# How many bags of blown-in cellulose insulation do I need



## rschmiss (Mar 17, 2011)

I have 2000 square feet of attic with a with an R value of 25-- How many bags of cellulose do I need to bring it up to an R-value of 49 or 60???


----------



## Jackofall1 (Dec 5, 2010)

Hi and welcome rschmiss, to the best darn DIY'r site on the web.

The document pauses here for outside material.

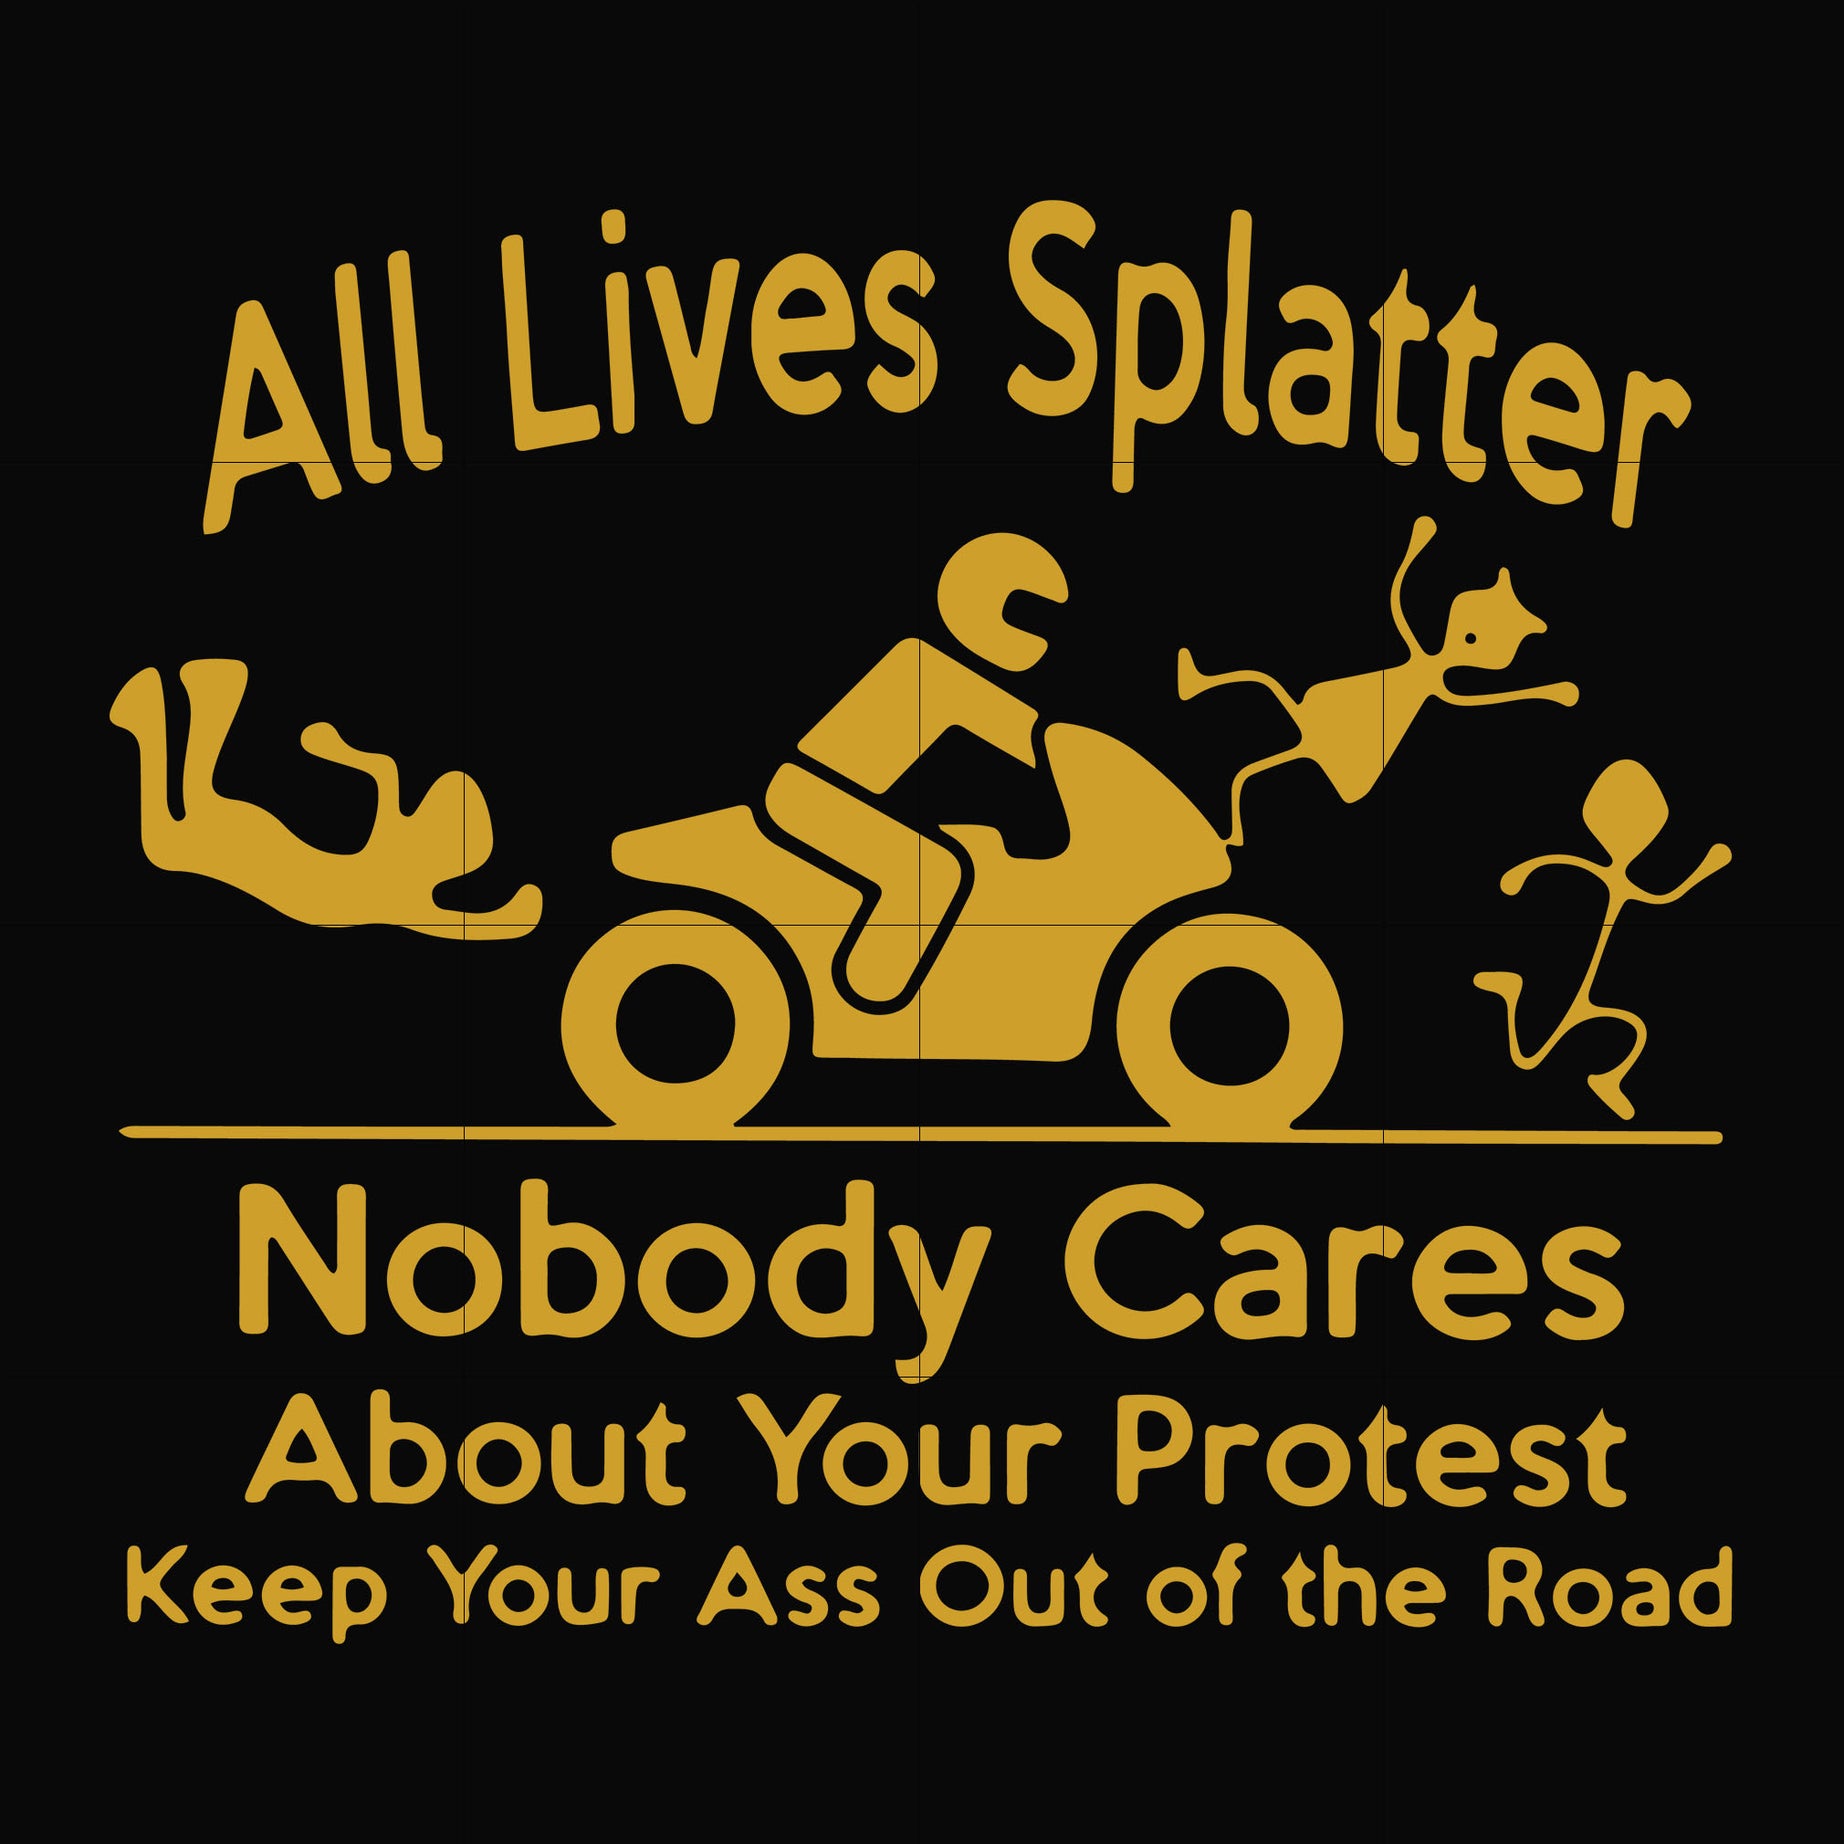 All lives splatter nobody cares about your protest svg, png, dxf, eps digital file TD31072028

Edit - Here is a guide to your answer - http://www.ehow.com/how_5896930_calculate-blown-insulation-coverage-attic.html

Lowes also has a calculator for the same purpose

Mark


----------



## dleaoh (Dec 25, 2010)

*It Depends on the Product*

There is no generic coverage chart for cellulose insulation -- or any other loose fill insulation for that matter. You will have to consult the coverage chart for the specific product you intend to install. On the chart you will find rows for R13, 19, 22, 30, 38 and 49. Some manufacturers provide additional R-value information. None of these rows will give you exactly R49 assuming an existing R25, but you can make a reasonable estimate. If your existing insulation is loose fill fiber glass there will be some compression if you put cellulose on top of it. In that case you may want to arbitrarily choose to install an additional R-30. The final insulation deck will cedrtainly be somewhere between R50 and R55.


----------